Thursday, June 18, 2009

The Hot Club

THE HOT CLUB
WHERE HEARTS ARE ON FIRE

BUT IT’S NEVER TOO HOT
FOR THE DEVIL MAY CARE

575 South Water Street

Providence, RI



Cajun Steve read Wiz’ comment that there is only one set of in-laws in West Virginia. Steve said that there are no in-laws in West Virginia. Only siblings.

Foot Joy suggested a way to get back at Joba Chamberlain for hitting Red Sox players (especially Kevin Youkilis). Since there is interleague play now, FJ suggested we pay a National League pitcher to hit Joba.

You all know that the Hot Club is like the Hotel California – you can check out but you can never leave. Last Sunday Audrey was tending bar and Jake had reappeared.

Ginny from RISD also showed up last week and she still gets the Sportzine. Ginny says she holds her own with the guys during football season by quoting stuff from the Zine.

Mary tells me that her sister Maya just had the opening of her movie Shank which was shown at RISD. Mary gave the 90-minute movie a thumbs up. Mary said Maya is trying to get the movie accepted at a film festival. Good luck to Maya in her cinematic career.

Charlie Clancy was telling Fleet Feet Pete about something and said, “...got it down pat.” Chuck D added, “And Pat doesn’t like it.”

Ed Lake was talking about Leonard Cohen, who has been touring.

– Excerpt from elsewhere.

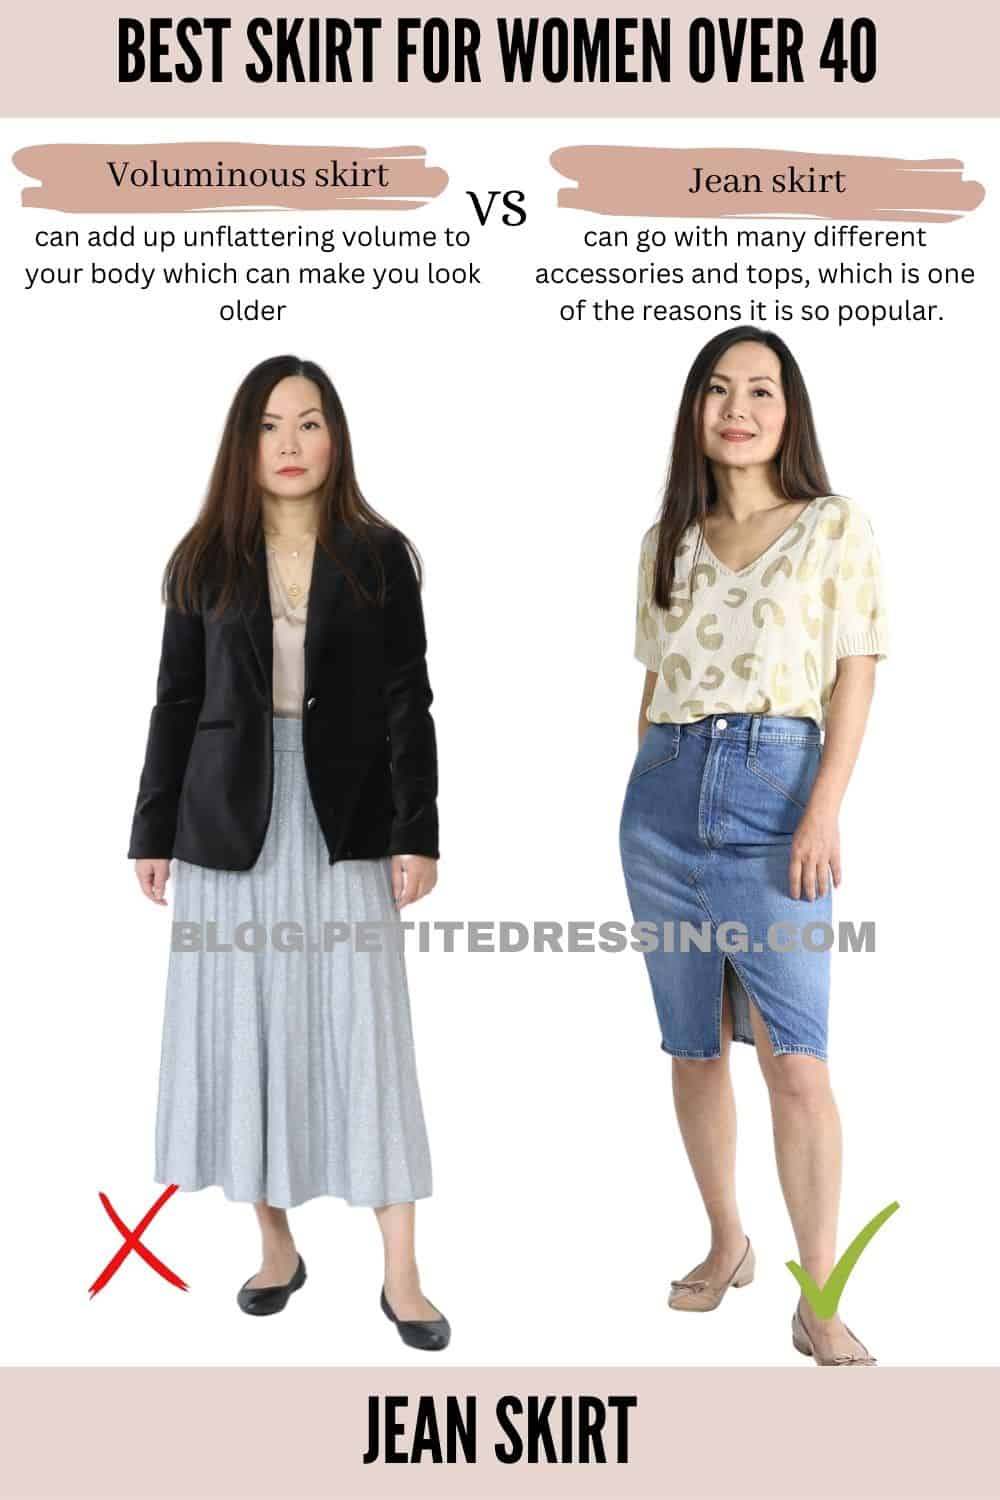 The Skirt Guide for Women Over 40

I told Ed to get a copy of Jennifer Warnes’ Famous Blue Raincoat, on which she covers Cohen songs like Bird On A Wire. I told Ed my favorite is First We Take Manhattan, Then We Take Berlin.

Chuck D said that there is a new education program for priests by priests. It’s called ‘Leave no child’s behind’.

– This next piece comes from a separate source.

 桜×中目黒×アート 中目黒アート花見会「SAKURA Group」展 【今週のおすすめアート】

According to female intelligence, when women use the ladies’ room, they become a human hovercraft. No, not a hummer craft. A hover crap. I mean hovercraft.

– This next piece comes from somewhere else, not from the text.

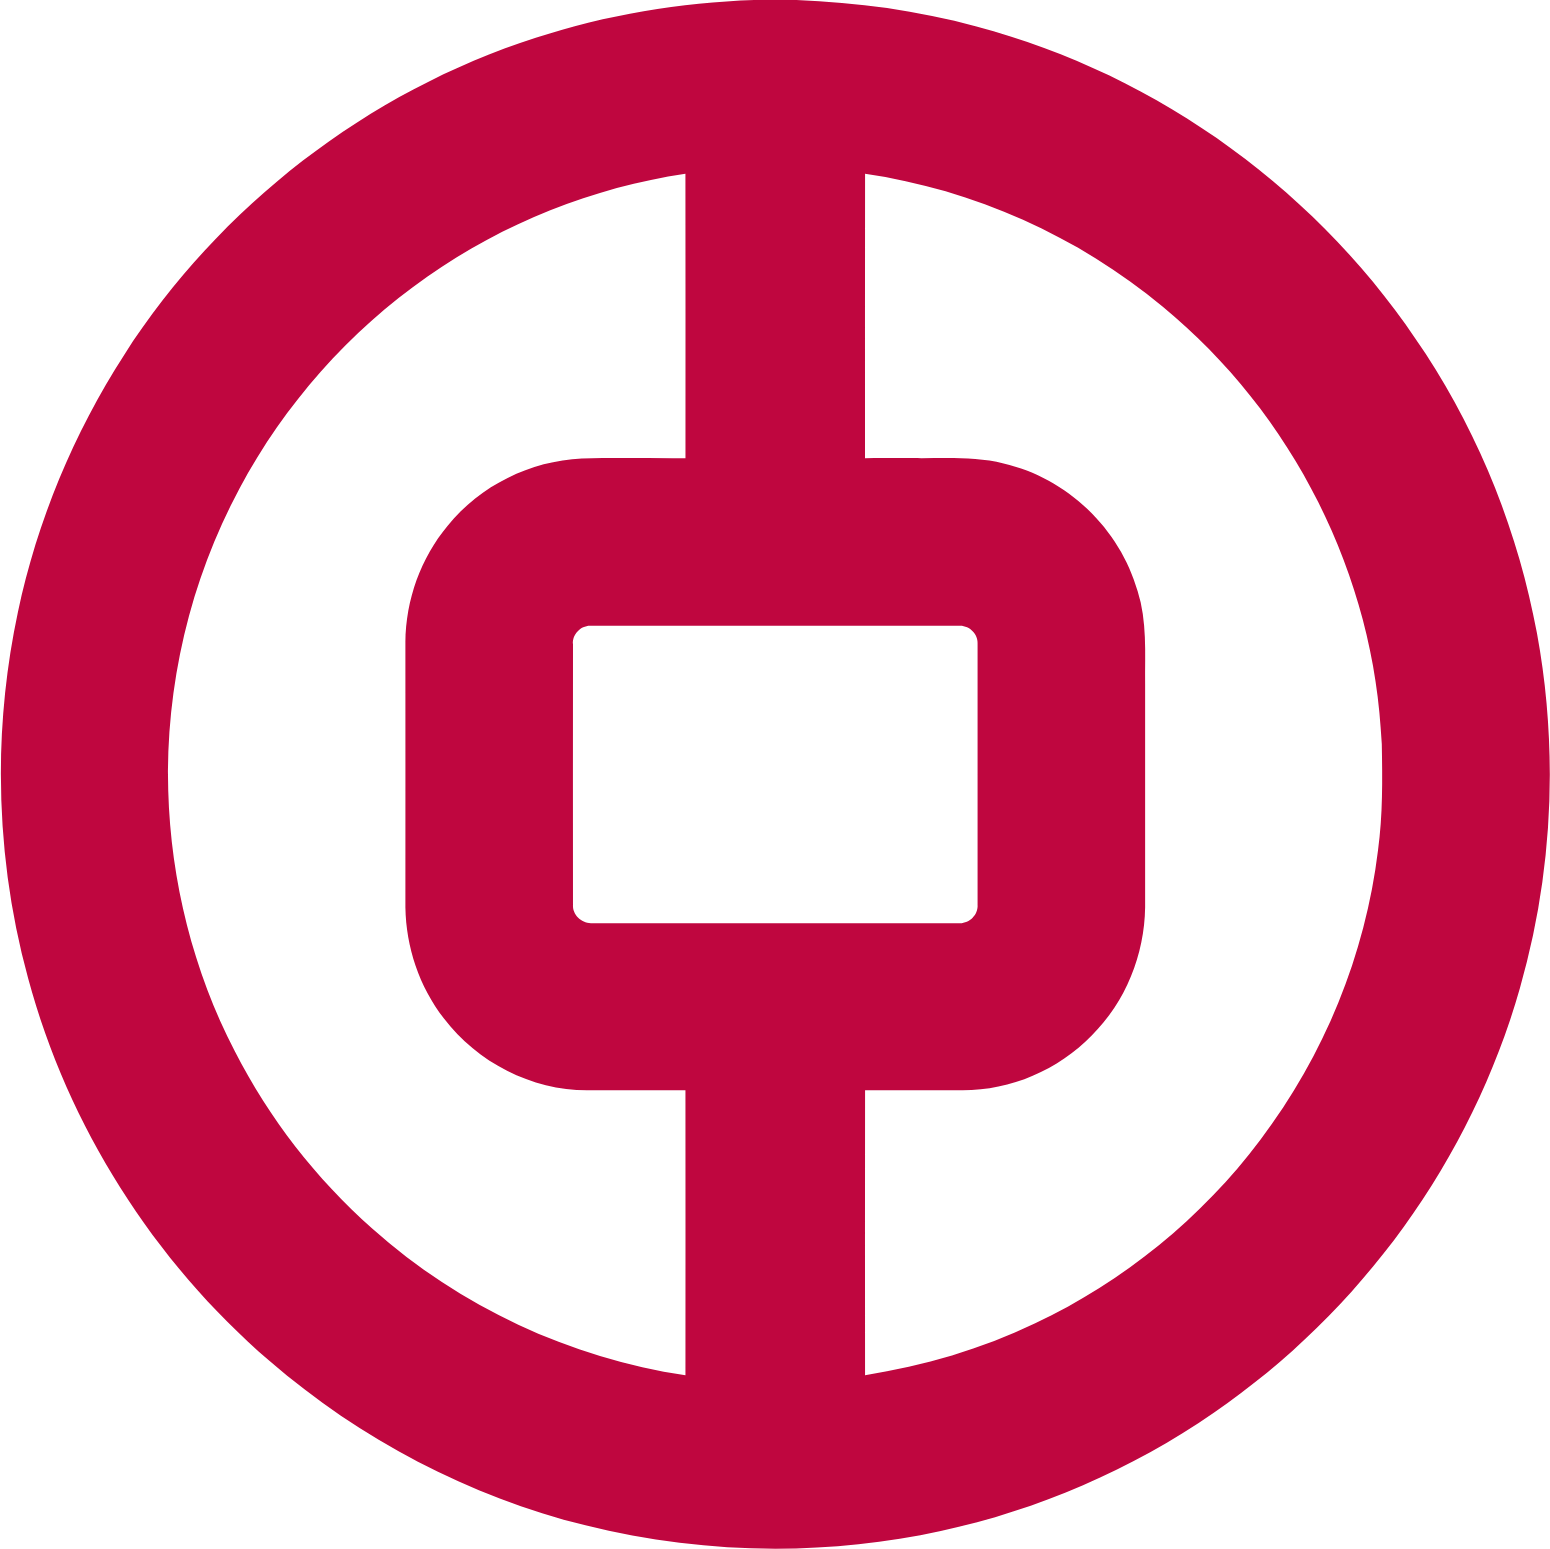 Bank of China (Hong Kong) logo (PNG transparent)

The Wiz said that the highest compliment you can pay a woman in Arkansas is “Nice tooth.”

Wiz said that the Arkansas and West Virginia stories are interchangeable. He also added Burrillville to that mix. I told him that a woman from Burrillville once asked her co-workers: “How do men do it with sheep? They put the sheep’s back legs in their boots.”

ORric said that they are into animal husbandry in Burrillville. I said, “Yeah they want to husband your animal.”